A significant bonus from the broadening of the Bolar exemption would be the likely benefit to EU-based suppliers of APIs at a time when the vast majority of APIs in the European market are being imported from Asia. The CRA study estimated that sales by third-party European generic-API producers could increase by up to 29%, equivalent to an additional €180 million in annual sales by 2030.
The combined effects of the SPC export waiver and the extension of the Bolar exemption could result in additional EU API sales of €254 million by the end of the next decade. However, the figures and conclusions of the CRA report are being disputed by other consultancies as well as originator representatives such as EFPIA.
“The potential negative impact of the adoption of an SPC manufacturing waiver on the R&D-based pharmaceutical industry has been underestimated,” says the EFPIA spokesman. “Recent studies find that the adoption of such a measure would lead to the loss of between 4500–7700 direct jobs in the [research-based] industry with an additional 19,000–32,000 indirect job losses. It would also result into a decrease of between €215–€364 million in R&D investment.”
Also, the opportunities for exporting European generic drugs to non-European markets prior to an SPC expiry had been exaggerated. Often, SPC extensions in Europe during which generic-drug companies could be entitled to a manufacturing waiver, expire earlier or only a little later than the intellectual property rights for medicines in other non-EU markets, according to EFPIA.

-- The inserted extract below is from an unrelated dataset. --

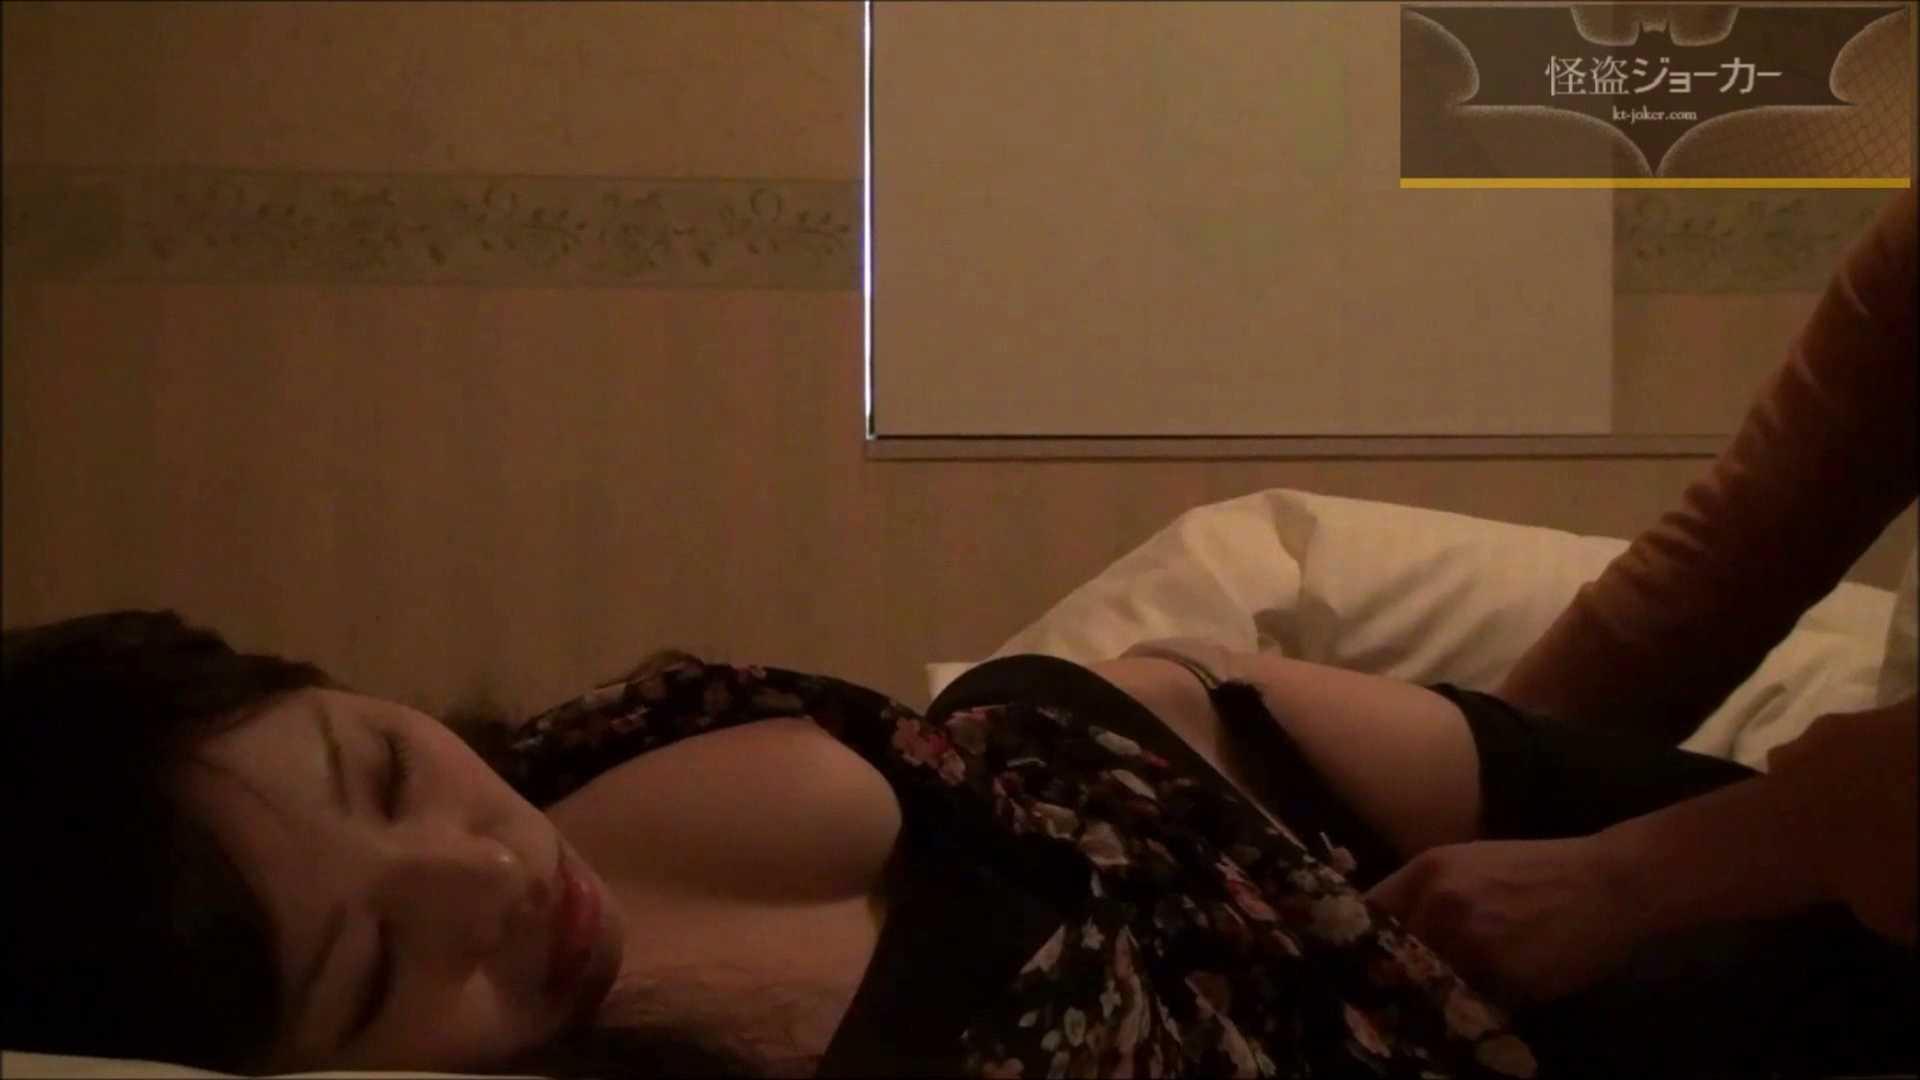 vol.17 葵の顔面にアレを押し付けてw フェラ動画 われめAV動画紹介 107画像 53

In a report (6) on the impact of the introduction of SPC exemptions on the biopharmaceuticals sector, Pugatch Consilium, a consultancy in Bicester, England, points out that many non-EU generic-drug and biosimilar markets have erected trade barriers to restrict imports from areas such as Europe. “Why would India and Brazil or other emerging markets favour European generic [-drug] manufacturers as opposed to their own domestic ones?” asked David Torstensson, partner at Pugatch and author of the report (6). “In many cases, they already have a policy framework in place that actively discriminates against foreign competitors,” he continued. “Such localization policies often include price preferences in government tenders; import bans and increased taxation on foreign products; and local affiliation and/or production requirements. As a result, locally-produced generic drugs can take as much as 90% of the local generic-drug market in many emerging markets.”
EFPIA has urged that in areas where improvements to the SPC system are considered to be necessary, a non-legislative approach should be taken. Without legislation, there would be no manufacturing waiver, which would be a major disappointment to the generic-drugs and biosimilars sector. It will also reinforce the view within the European pharmaceuticals sector that it needs to act together on key issues like patents and patent exemptions.
“The manufacturing waiver is something which helps the European pharmaceutical industry as a whole,” says van den Hoven. “The research-based sector knows it is a good step for the generic drugs and biosimilars sector. If there was something being considered which was good for them, we would not try to block it.” At the moment, a united front within the industry on matters such as the manufacturing waiver and even other SPC exemptions seems a long way away.
Pharmaceutical Technology Europe
Vol. 29, No. 12
When referring to this article, please cite it as S. Milmo, “Disputes Over Manufacturing Waiver and Other SPC Exemptions,” Pharmaceutical Technology Europe 29 (12) 8–9 (2017).